Numerical grades inform a student’s progress, but don’t tell the whole story. The A-B-C-D-F grading system hasn’t been in use in any of the schools where I’ve taught, but it escapes some of the baggage of the numerical grade in that it requires that the school report somehow what each letter grade represents. An A might be mapped from a 90-100% average in the class, or 85-100 depending on the school. As with a verbal description, there needs to be some deliberate conversation and communication about the meaning of those grades, and this process opens the door for descriptors for what grades might represent. Numerical grades on the 100 point scale lack this specificity because grades on this scale can be generated with nothing more than a calculation. That isn’t to say that a teacher can’t put in the time to make that calculation meaningful, but it does mean it’s easy to give the impression of precision that isn’t there.

Compounding the challenge of its imprecision is the reality that we use this scale for many purposes. Honor roll or merit roll are often based in having a minimum average over courses taken in a given semester. Students on probation, often measured by having a grade below a cut-off score, might not be able to participate in sports or activities. Students with a given GPA have automatic admission to some universities.

I’m not proposing breaking away from grading, and I don’t think the 100 point scale is going away. I want to hack the 100 point scale to do a better job of what it is supposed to do. While technology makes it easier to generate a grade than it used to be, I believe it also provides opportunity to do some things that weren’t feasible for a teacher to do in the past. We can improve the process of generating the grade to be a measure of learning, and in communicating that measure to all stakeholders.

Some ideas on this have been brewing as I’ve started grading finals and packing for the end of the year. Summer is a great time to reflect on what we do, isn’t it?

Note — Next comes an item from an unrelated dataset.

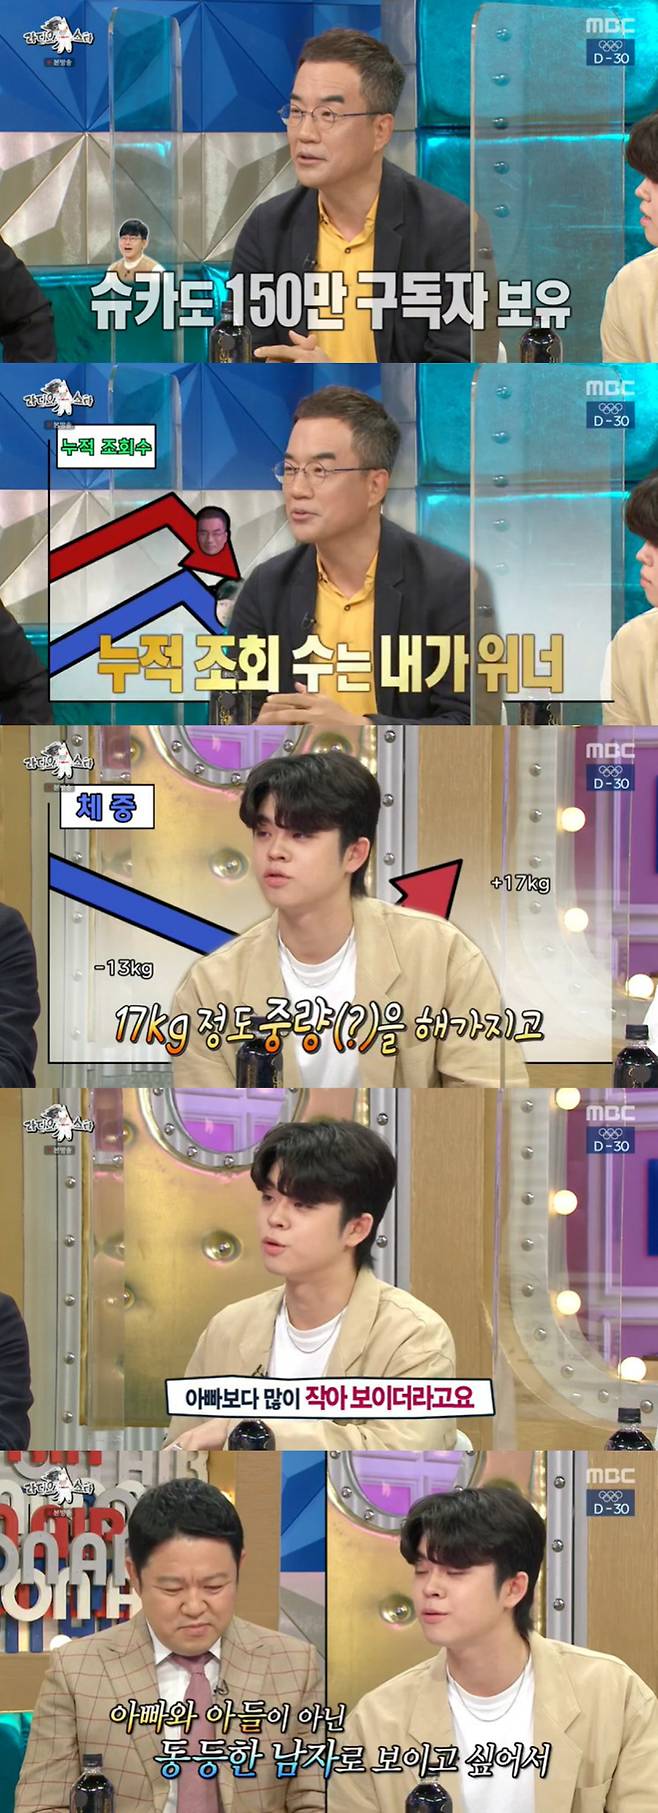 Radio Star powerhouse reveals secret to becoming Share richKim Bo-sung, Kim Pro, Gri, and Shin Ah-yeong appeared as guests in MBC entertainment Radio Star broadcast on the 23rd.Kim Pro Kim Dong-hwan is the Share guide of Jurin. Kim Pros YouTube channel subscribers are 1.41 million and cumulative views are 300 million views.Hot economic mentor Kim Pro said, In March, the number of subscribers rose from 10,000 to 150,000. Fortunately, the share price has risen since then.Recently, the jurin say, Share rises unconditionally, but now is the best. Im worried that Share could plunge.So nowadays, I teach about Share events and posture rather than market conditions. Grie recently lost 13kg, increased 17kg and succeeded in bulk-up; Father Kim Gu also testified that he was crazy with exercise these days.Kim Gu said, I cut off the gym to keep my health. At that time, I did not go to school, but I was stuck.If I stand next to Father, it looks a lot smaller than Father, I wanted to look like the same man, Grie explained why he bulked up.I was sensitive to the headlines after the bulk-up, he said. I originally appeared as Kim Gus son in the article, but now Im called 17kg steamed.Husband of Shin Ah-yeong, who worked for United States of America, recently returned to Korea and the couple lived together again.Shin Ah-yeong said, Dont you want to see it most at the time youre away, you should have enjoyed that time a lot. You have to fit all the trivial things when you live together.I am alone and it is a blessing time, he laughed at Ahn Young Mi, who was in a similar situation.But Shin Ah-yeong is the first MBC Everlon Come on and Korea to go to United States of America last year to see Husband.I got off too, Kim Gu asked, You regret it now? and Shin Ah-yeong replied Yes in a daze.Shin Ah-yeong said, I do not have much work these days, so I am at home, and when I see a pair of Husband socks, it is so angry.Grie said he recently started Share and COIN, with COIN holding negative 37 percent and Share holding negative 3 percent yields, adding: Weve tried COIN for only 5 million won.I woke up and got up to 6.5 million won. So I put 500 more. I am waiting for the opportunity after the crisis. Shin Ah-yeong also bought COIN and erased the application.Kim said, It is okay to buy a good Share and erase the application, but COIN is not predictable.However, COIN and Shin Ah-yeong strongly recommended that COIN should be viewed for a long time.Shin Ah-yeong said he started his investment late and said, My father was in the financial side and could not invest directly.I invested 4 million won in Share and 5 million won in COIN to retire while investing indirectly. Shin Ah-yeongs father is a former financial chairman.I asked Father to recommend the event with 2 million won, but he told me not to bring it in the group unit, which means I do not want to teach him, Shin Ah-yeong said.In the midst of talking about Share, Kim Bo-sung was quiet. Kim Bo-sung said he had failed because of his loyalty to Share.Since then, many people have informed me that they will help me, but I missed it. I had only two events for 10 years, but I could not sell it because of that loyalty. Kim said that he sold Share, which he bought in 2008 for 40,000 won, for 200,000 won four years later. Do not you think Share is the best price ever when you buy a large-scale good stock?When you buy a large-scale good stock, you just buy it even if the price goes up. Jeon Won-ju, The Entertainment Warren Buffett, appeared as a surprise guest.At one time, people did not look at anyone, but nowadays, young children are happy to teach them, said Jeon.Every time I received a salary of 500,000 won, it was a securities company, a real estate, said Jeon. I felt the importance of money since I was a child.I started Share by collecting 5 million won. The main owner said, Do not sell it, collect it, wait for the loss. I see the possibility of the companys development; I also see the view of the people who recommended Share, said Jeon.I do not really use the individual people. I have not even turned on the house, so I have a meter reading center.World Bank has never gone to pick up money and only went to put it in. The power supply is sent to the World Bank to pick up the car. The power supply has never picked up the number tag. The employee calls and asks when the time is okay.If you are okay on this day, the branch manager comes in the car. There is my room. There is a field that does not spare a lot of power, he said, Even if a person is old, he should not be ugly. Jeon Won-ju recently took on a new challenge as a singer. Jeon Won-ju said, My mother should be pretty and I dont know what kind of singer she is.Chunhyang, Wolmae, and Hyangdanro group, he said. I am very excited. Husband, a former talent junior, went to raid the detective and cabaret.But I wanted to dance too much. My junior said, Did you come to the Sister dance? And finally the kite was cut off. Grie revealed his special relationship with Jin-kyeong Hong, who said: My mother was looking for a stable job and was looking for a business without a business.I contacted Jin-kyeong Hong Sister, who had no one-sidedness in the hope that she would be good. Thankfully, she accepted that she was good.I contacted Kim Soo-mis grandmother a while ago and the meeting was concluded. 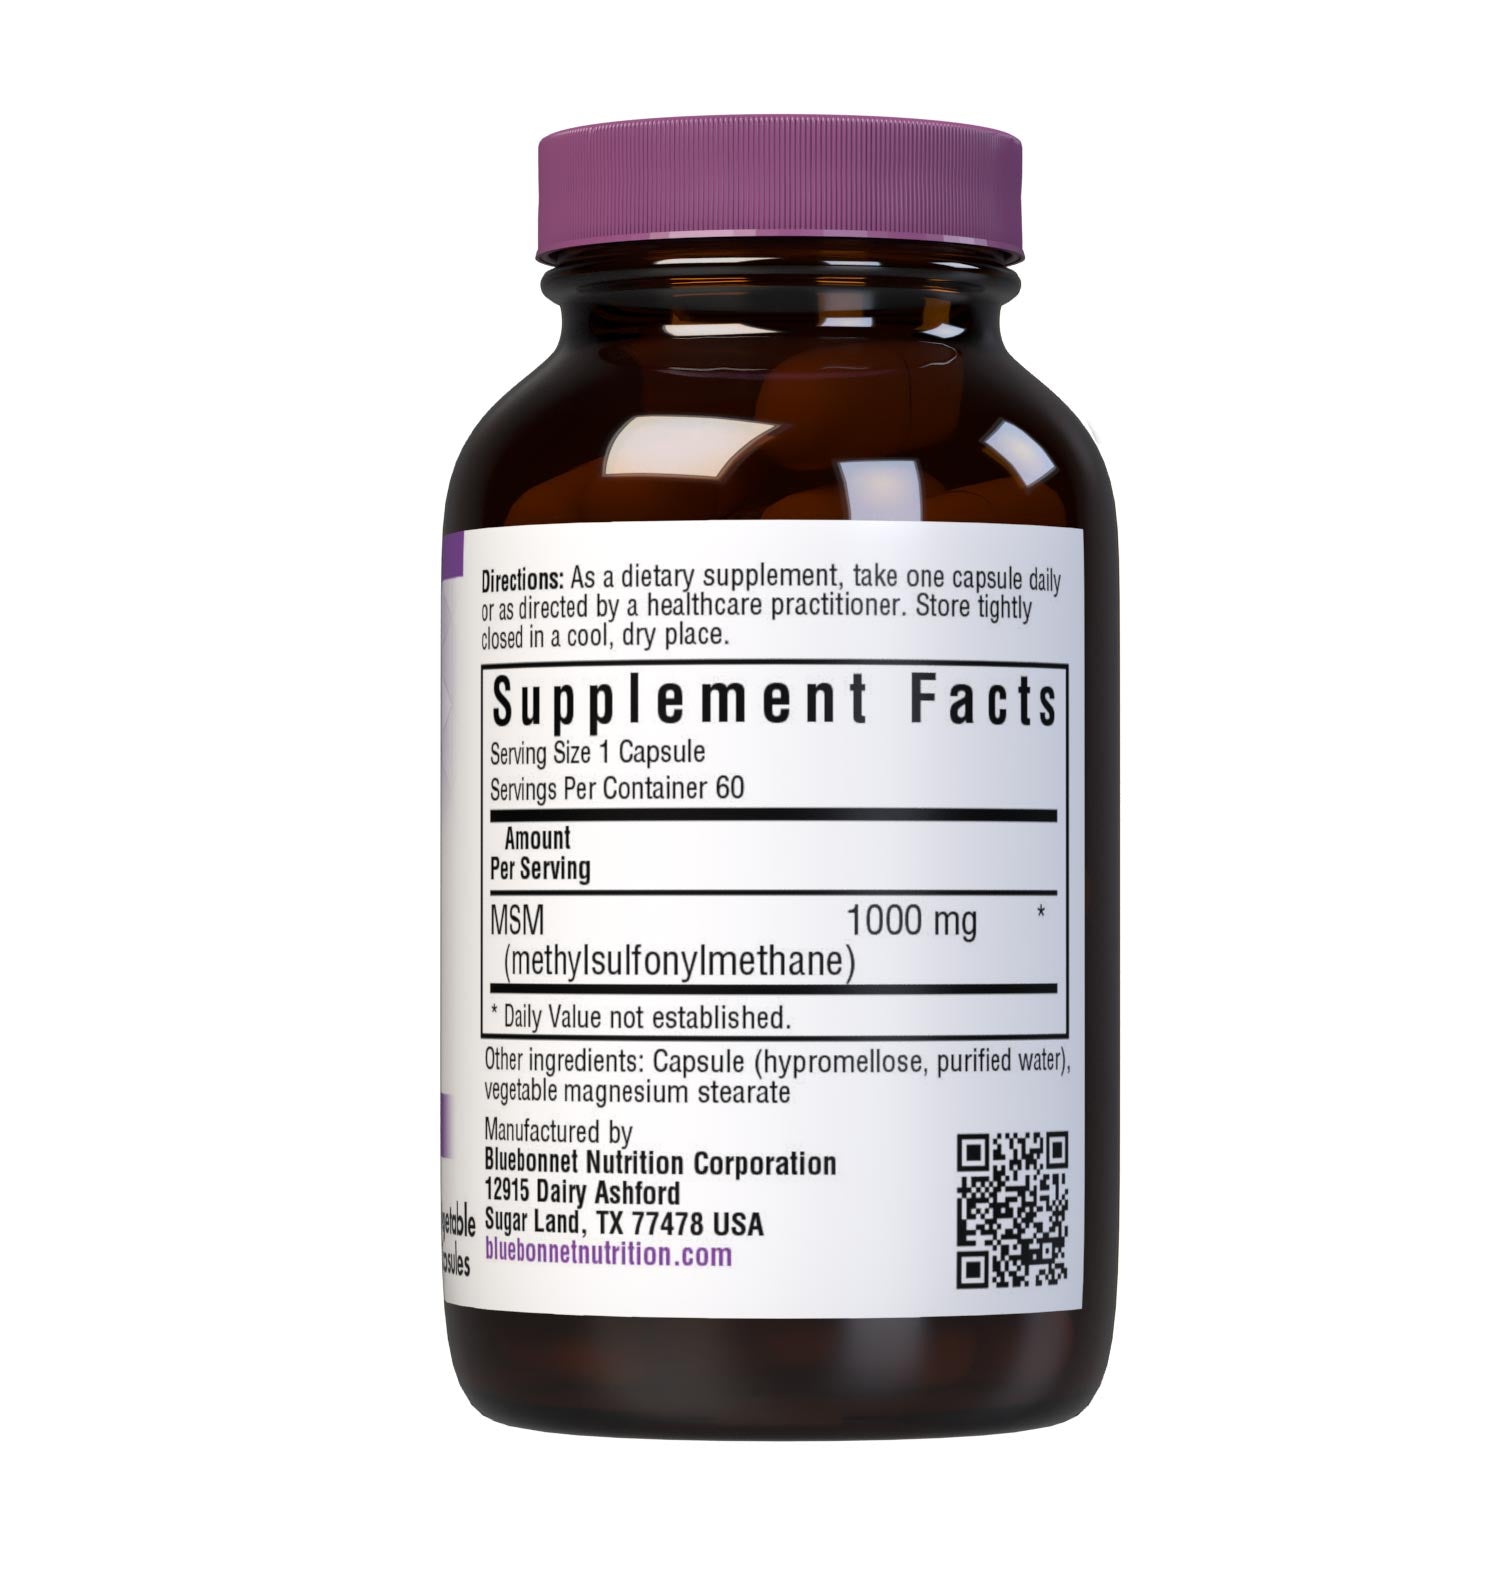 Bluebonnet’s MSM 1000 mg 60 Vegetable Capsules are formulated with patented OptiMSM methylsulfonylmethane, a non-toxic form of active sulfur that is tested in our own state-of-the-art laboratory for purity and potency. MSM helps support healthy joint cartilage and connective tissue. Supplement facts panel. #size_60 count

Hacking The 100-Point Scale – Part 1

One highlight of teaching at an international school is the intersection of many different philosophies in one place. As you might expect, the most striking of these is that of students comparing their experiences. It’s impressive how the experienced students that have moved around quickly learn the system of the school they are currently attending and adjust accordingly. What unites these particularly successful students is their awareness that they must understand the system they are in if they are to thrive there. 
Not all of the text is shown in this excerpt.